The album produced two top 10 singles with the title cut reaching No. 1 on the country singles and tracks chart (and the top 40 in the UK singles chart) and "Sweet Music Man" (Rogers' own composition) reaching No. 9. Elsewhere on the album is a song called "Am I Too Late" which was not released as a single, despite Rogers later saying it was one of his favorite songs . Another track "My World Begins and Ends with You" was later recorded by Dave & Sugar, who had a hit single with it in 1979.
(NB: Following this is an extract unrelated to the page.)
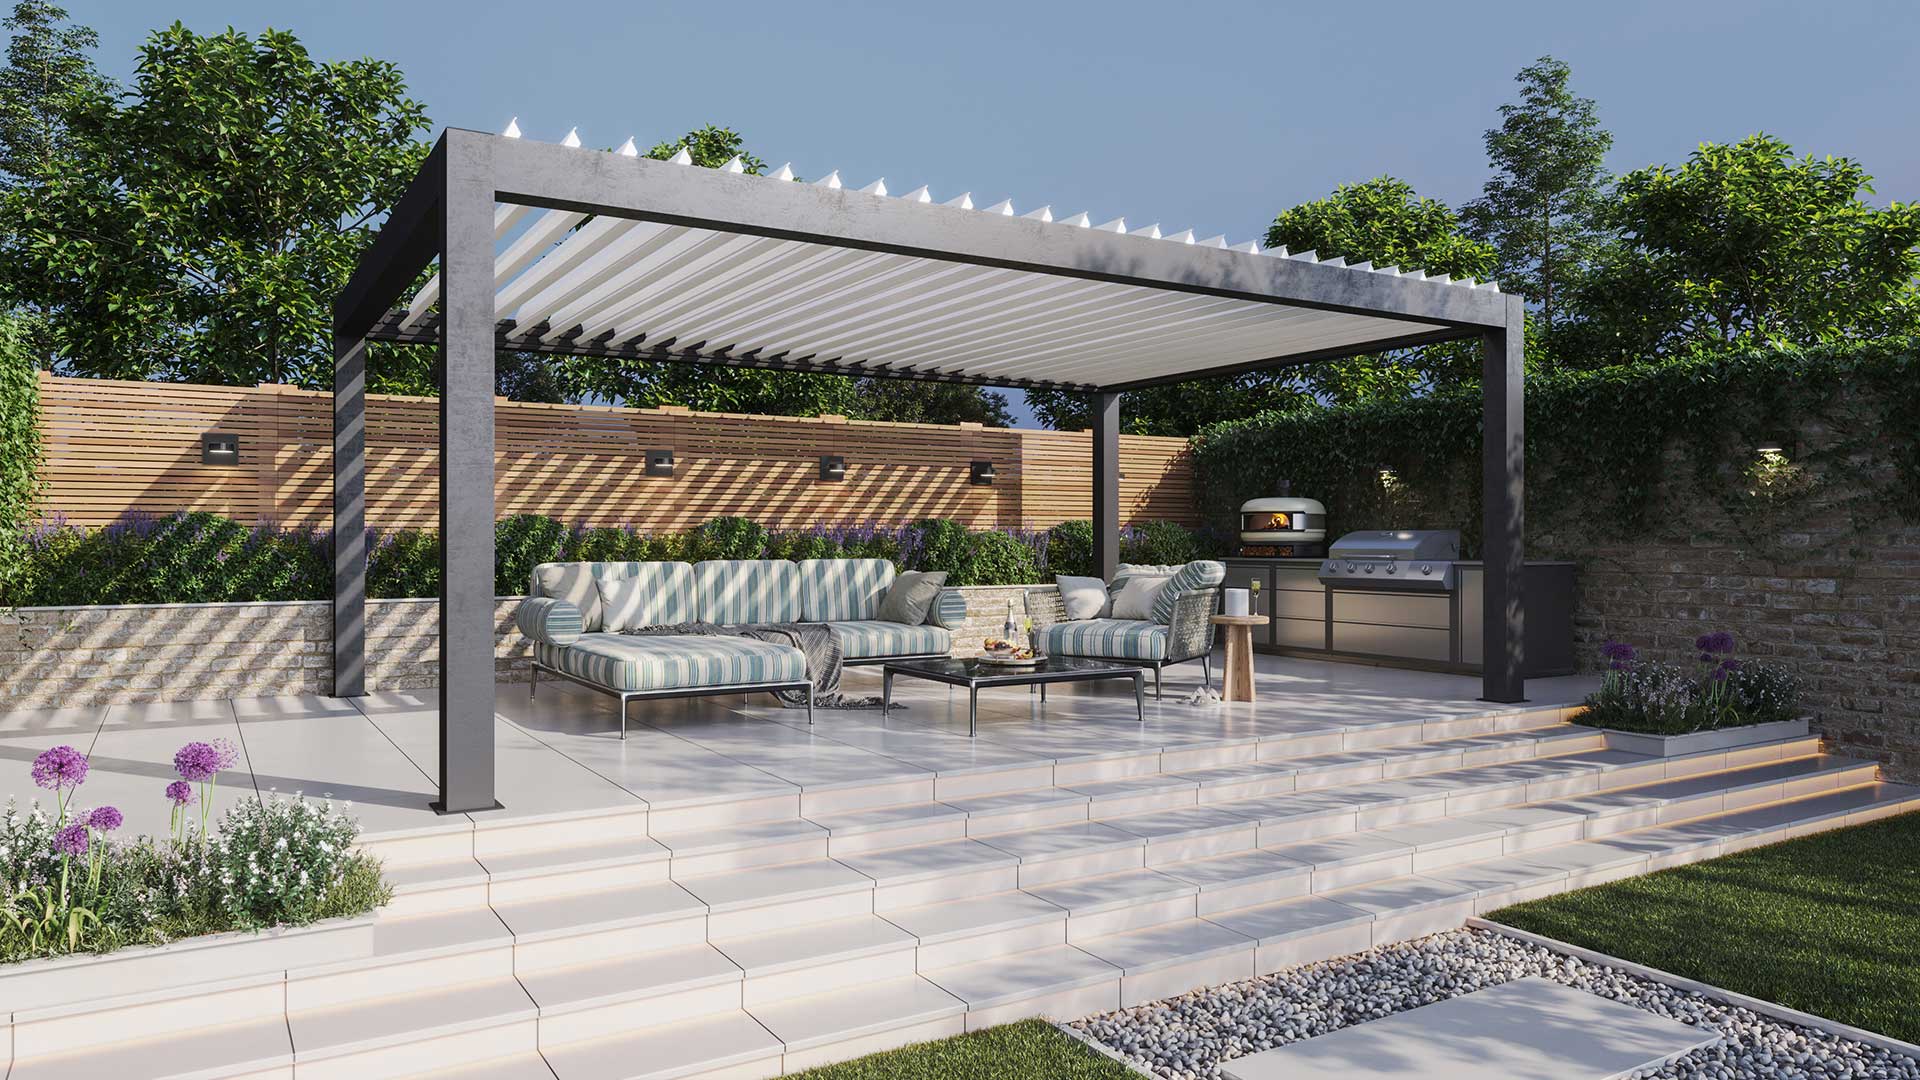 Pergola in Sun with roof shade

The album reached No. 2 on the Country charts.

Professional ratings
Review scores
| Source | Rating |
| AllMusic | Star Half star |
| The Rolling Stone Album Guide | Star |

==Track listing==

| No. | Title | Writer(s) | Length |
|---|---|---|---|
| 1. | "Daytime Friends" | Ben Peters | 3:14 |
| 2. | "Desperado" | Don Henley, Glenn Frey | 3:44 |
| 3. | "Rock and Roll Man" | Kenny O'Dell | 2:46 |
| 4. | "Lying Again" | Chips Moman, Larry Butler | 2:41 |
| 5. | "I'll Just Write My Music and Sing My Songs" | Thomas Cain | 2:55 |
| 6. | "My World Begins and Ends with You" | Larry Keith, Steve Pippin | 2:43 |
| 7. | "Sweet Music Man" | Rogers | 4:16 |
| 8. | "Am I Too Late" | Keith, Jim Hurt | 3:31 |
| 9. | "We Don't Make Love Anymore" | Rogers, Marianne Gordon | 3:51 |
| 10. | "Ghost of Another Man" | Frank Dycus, George Richey, Roger Bowling | 2:57 |
| 11. | "Let Me Sing for You" | Casey Kelly, Julie Didier | 4:39 |

==Personnel==
- Kenny Rogers – lead vocals
- Bobby Wood, Charles Cochran, Edgar Struble, Gene Golden (on tracks 2 and 5), Hargus "Pig" Robbins, Steve Glassmeyer – keyboards
- Shane Keister – Moog synthesizer (on track 7)
- Billy Sanford, David Kirby, Jerry Shook (on track 9), Jimmy Capps, Jimmy Colvard (on track 1), Johnny Christopher (on track 2), Larry Keith, Reggie Young (on track 1), T.G. Engel – guitars
- Pete Drake – steel guitar
- Joe Osborn, Mike Leech (on track 1) – bass guitar
- Tommy Allsup – six-string bass guitar
- Bob Moore – upright bass (on track 9)
- Bobby Daniels (on track 2), Jerry Carrigan, Kenny Malone – drums
- Brenton Banks, Byron Bach, Carl Gorodetzky, Gary Vanosdale, George Binkley, Lennie Haight, Marvin Chantry, Pam Sixfin, Roy Christensen, Sheldon Kurland, Stephanie Woolf, Steven Smith, Willi Lehmann – strings
- Bill Justis – string arrangements (on tracks 2, 7, 9)
- Bergen White, Bobby Daniels, Buzz Cason, Don Gant, Gene Golden, Johnny MacRae, The Jordanaires (on track 4), Larry Keith, Randy Rogers, Sandy Rogers, Steve Glassmeyer, Steve Pippin – backing vocals

Production
- Producer – Larry Butler
- Engineers – Harold Lee and Billy Sherrill
- Remix – Billy Sherrill
- Recorded at American Studios and Jack Clement Recording Studios (Nashville, TN).
- Mastered by Bob Sowell at Master Control (Nashville, TN).
- Art Direction – Ria Lewerke
- Design – Bill Burks
- Photography – Gary Regester

==Charts==

===Weekly charts===

| Chart (1977–1978) | Peak position |
|---|---|
| Canada Top Albums/CDs (RPM) | 41 |
| US Billboard 200 | 39 |
| US Top Country Albums (Billboard) | 2 |

===Year-end charts===

| Chart (1977) | Position |
|---|---|
| US Top Country Albums (Billboard) | 22 |

| Chart (1978) | Position |
|---|---|
| US Top Country Albums (Billboard) | 16 |

==Certifications==

| Region | Certification | Certified units/sales |
| Canada (Music Canada) | Gold | 50,000^{^} |
| United States (RIAA) | Platinum | 1,000,000^{^} |
^{^} Shipments figures based on certification alone.